### Required action
Only the pictures are to be omitted; everything else in the listing must be reproduced exactly.

### Given information

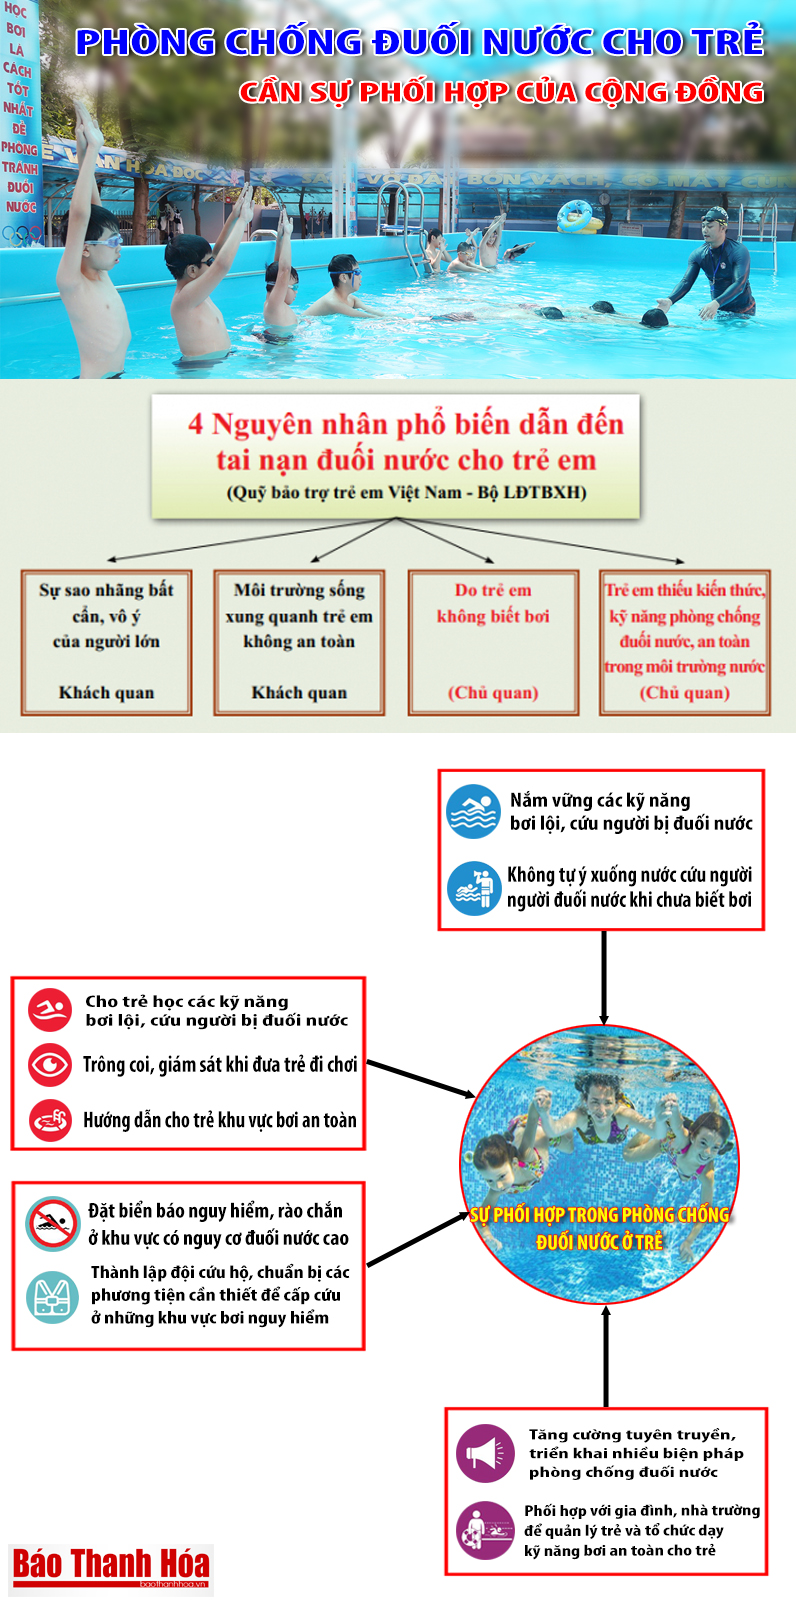 [Infographic] - Phòng chống đuối nước cho trẻ em: Cần sự phối hợp của cả cộng đồng
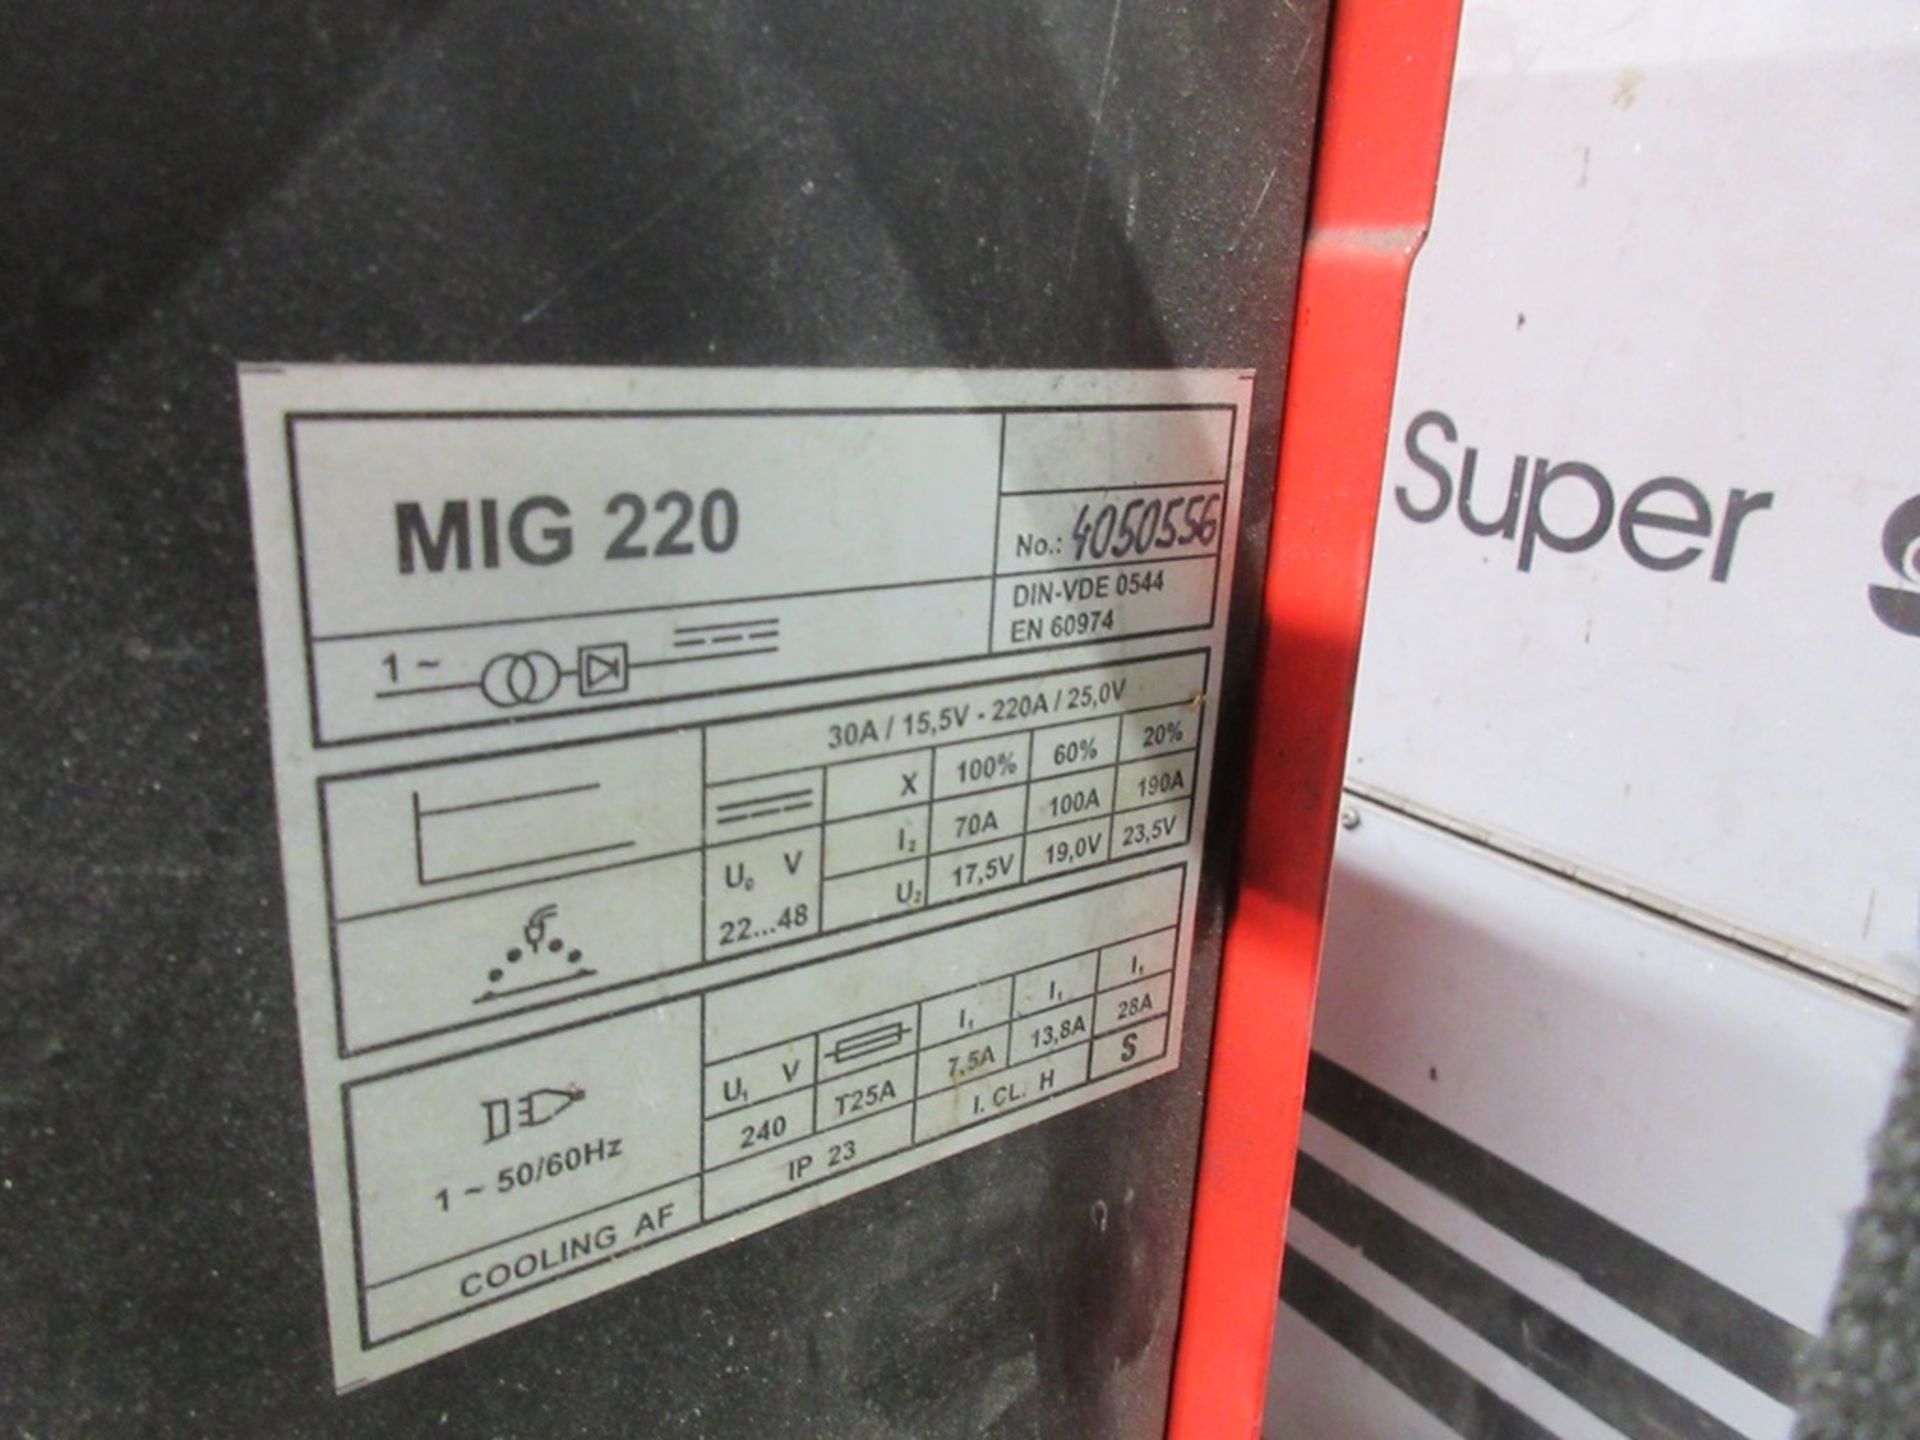 SWP Mig 220 Proline mig welder, serial no. 4050556 - Image 4 of 5
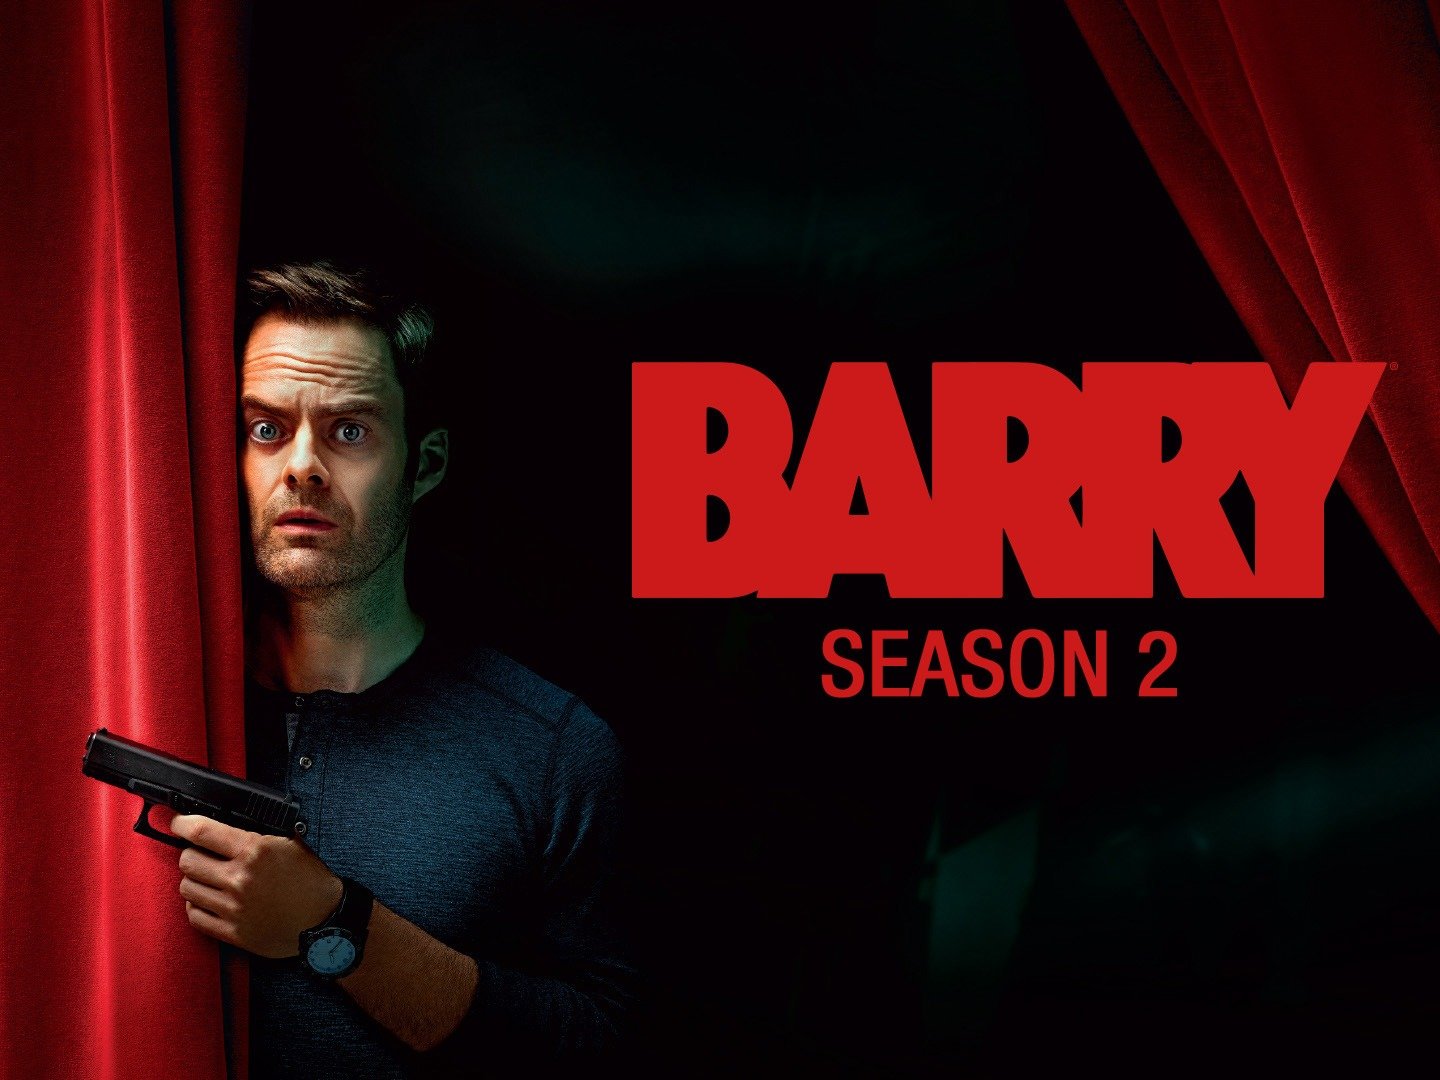 Barry season 2 dvd release date

### Completed exercise
 [Infographic] - Phòng chống đuối nước cho trẻ em: Cần sự phối hợp của cả cộng đồng
 SWP Mig 220 Proline mig welder, serial no. 4050556 - Image 4 of 5
 Barry season 2 dvd release date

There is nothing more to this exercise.